"You will never do anything in this world without courage. It is the greatest quality of the mind next to honor." -- Aristotle
OPEC Song and Dance
Crude prices are all over the place this morning. As OPEC oil ministers took a break from their duties in Vienna, several of them, notably representatives for Saudi Arabia, Kuwait, Iraq, and Iran, spoke to the press. In a few minutes' time, WTI had traded from $52 down to nearly $50.50, and then back up close to $51. As the morning develops, you can expect crude to continue to trade with an edge, and at least for now, for the broader equity index futures to be volatile as well.
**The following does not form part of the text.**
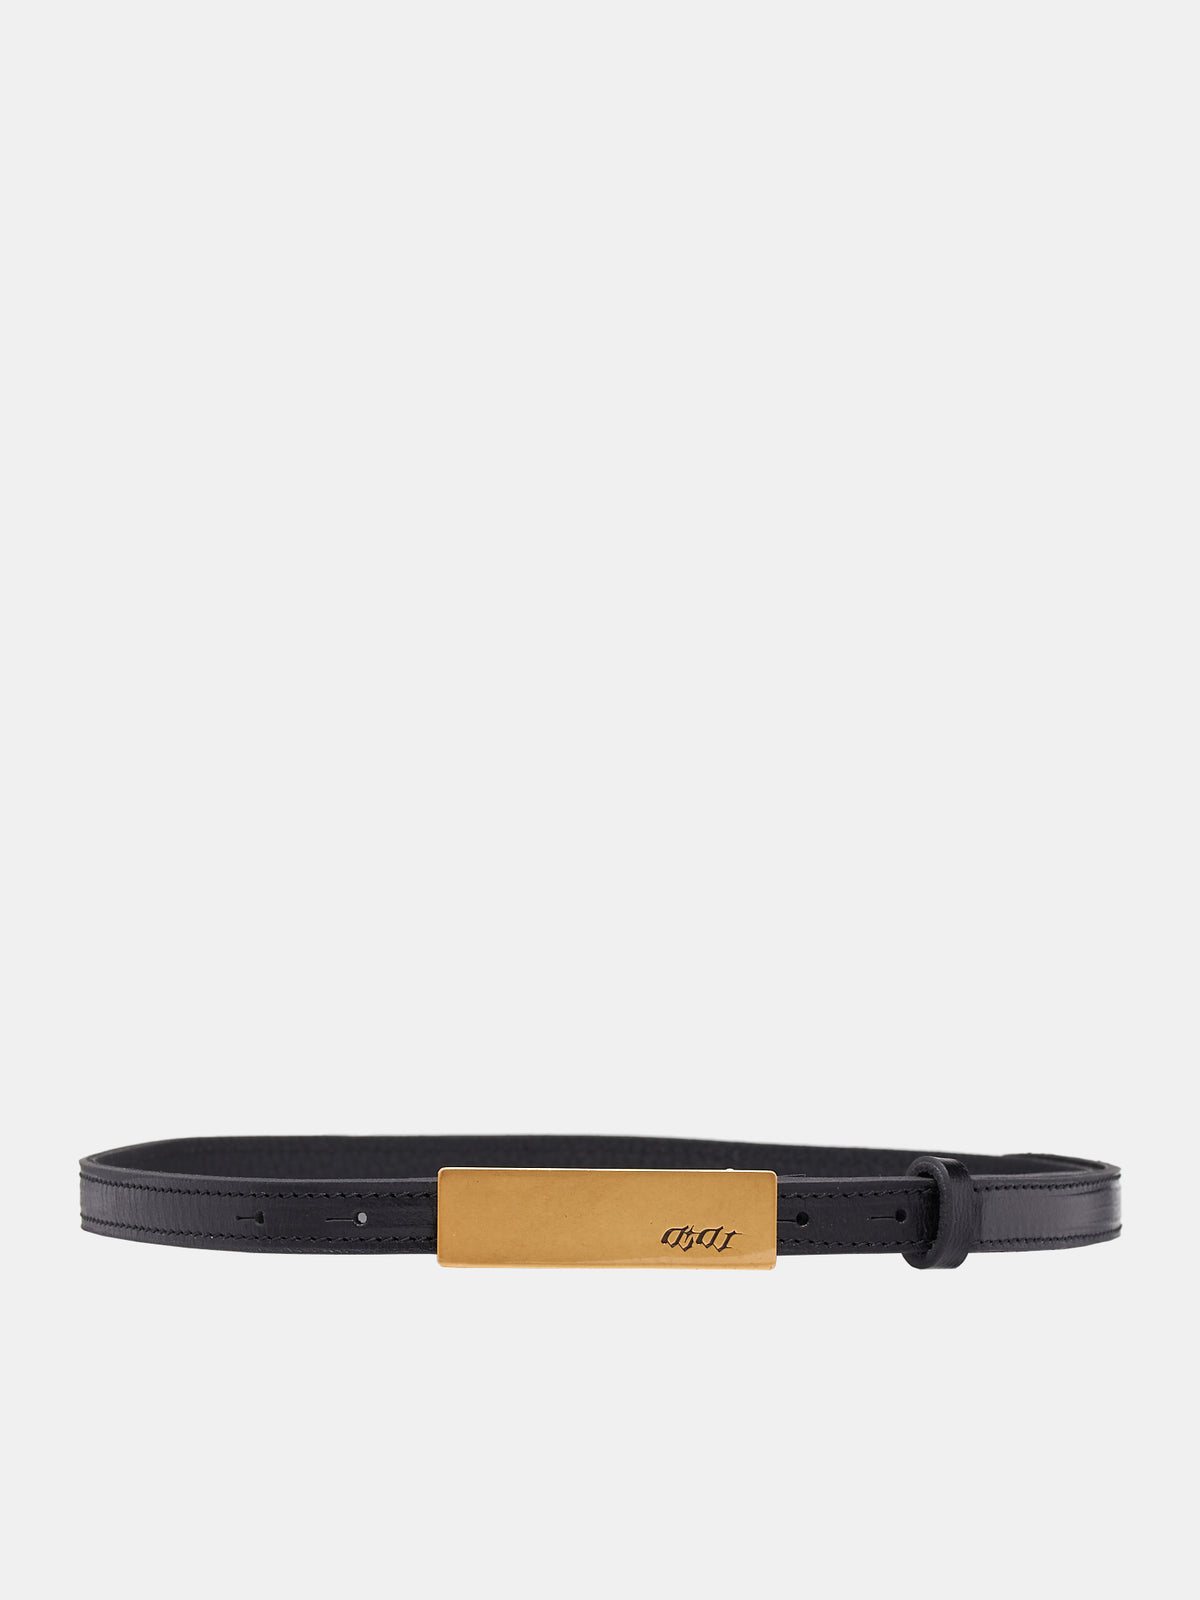 Logo Bar Belt (ACC02GD-GOLDEN)
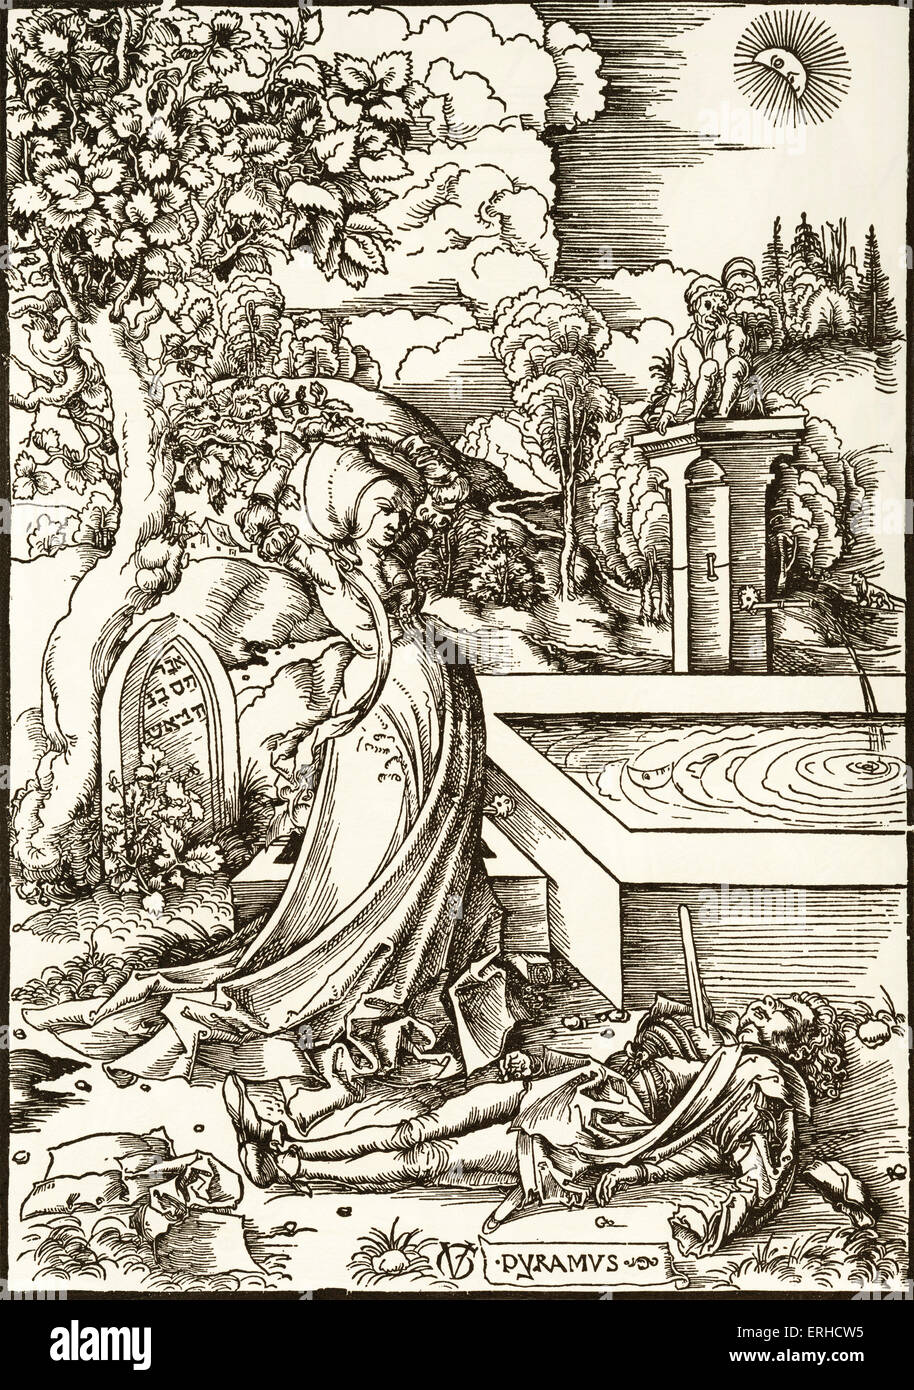 Pyramus und Thisbe, Holzschnitt von Urs Graf c 1506-7. Geschichte von Ovids Metamorphosen. Thisbe steht unter dem Maulbeerbaum, Betrachtung der Figur des Pyramus, auf sein Schwert gefallen ist. In der Ferne auf der rechten Seite ist die Löwin, die Pyramus fälschlicherweise vermutet hatte, Thisbe, die Ursache seiner Trauer zu töten. Hinter Thisbe befindet sich das Grab des Ninus mit Hebräisch schreiben um den Ursprung der Legende anzugeben. Neben Thisbe spiegelt sich der Mond in den Pool eines Brunnens. Auf dem Brunnen sitzt einen Bauer. Stockfoto

According to the representatives of the nations involved in these negotiations, at least the ones that did speak to the media this morning, most seem just fine extending last year's production cuts for anywhere from six to twelve months. Any rising disagreement apparently seems to stem from the idea of increasing the size of the already existent cuts, and just how long it will take for oil markets to "re-balance". There will be an announcement at some point today (the latest reports are that OPEC agreed to extend the existing cuts by nine months). Whether or not this announcement sparks a "sell the news" event is what we, as traders need to figure out.
The Saudi Story
Saudi Arabia seems to be the most eager to extend these cuts in production. The Saudis have been the drivers behind extending this united move to force up crude pricing. They are the cheerleaders -- and why wouldn't they be? The deal there is the planned Saudi Aramco IPO. Those forward-looking plans have the Saudi government taking as a much as 5% of their state-owned oil company public sometime in early 2018. Hopes are that this 5% stake could be valued at as much $2 trillion (dreaming). That lofty valuation will be dependent upon the market price of oil, and the market price of oil is precisely why the Saudis need to raise money. Their plan is to transform their economy so that it is less reliant upon this single commodity, and they are willing to sell some of that risk to you. How nice. Ahh, the circle of life.
The U.S. Story
U.S. oil production is expected to approach 10 million barrels a day in 2018. That number currently is running at close to 9.3 million. Last November, the OPEC cartel and their pals agreed to cut oil production by 1.8 million barrels a day. Since then, American production is up 750,000 barrels a day. Other non-participating players have also increased production. Yes, OPEC is balancing this market, but with this rising production from within the U.S., particularly from the Permian basin, this process is proving to be long and painful.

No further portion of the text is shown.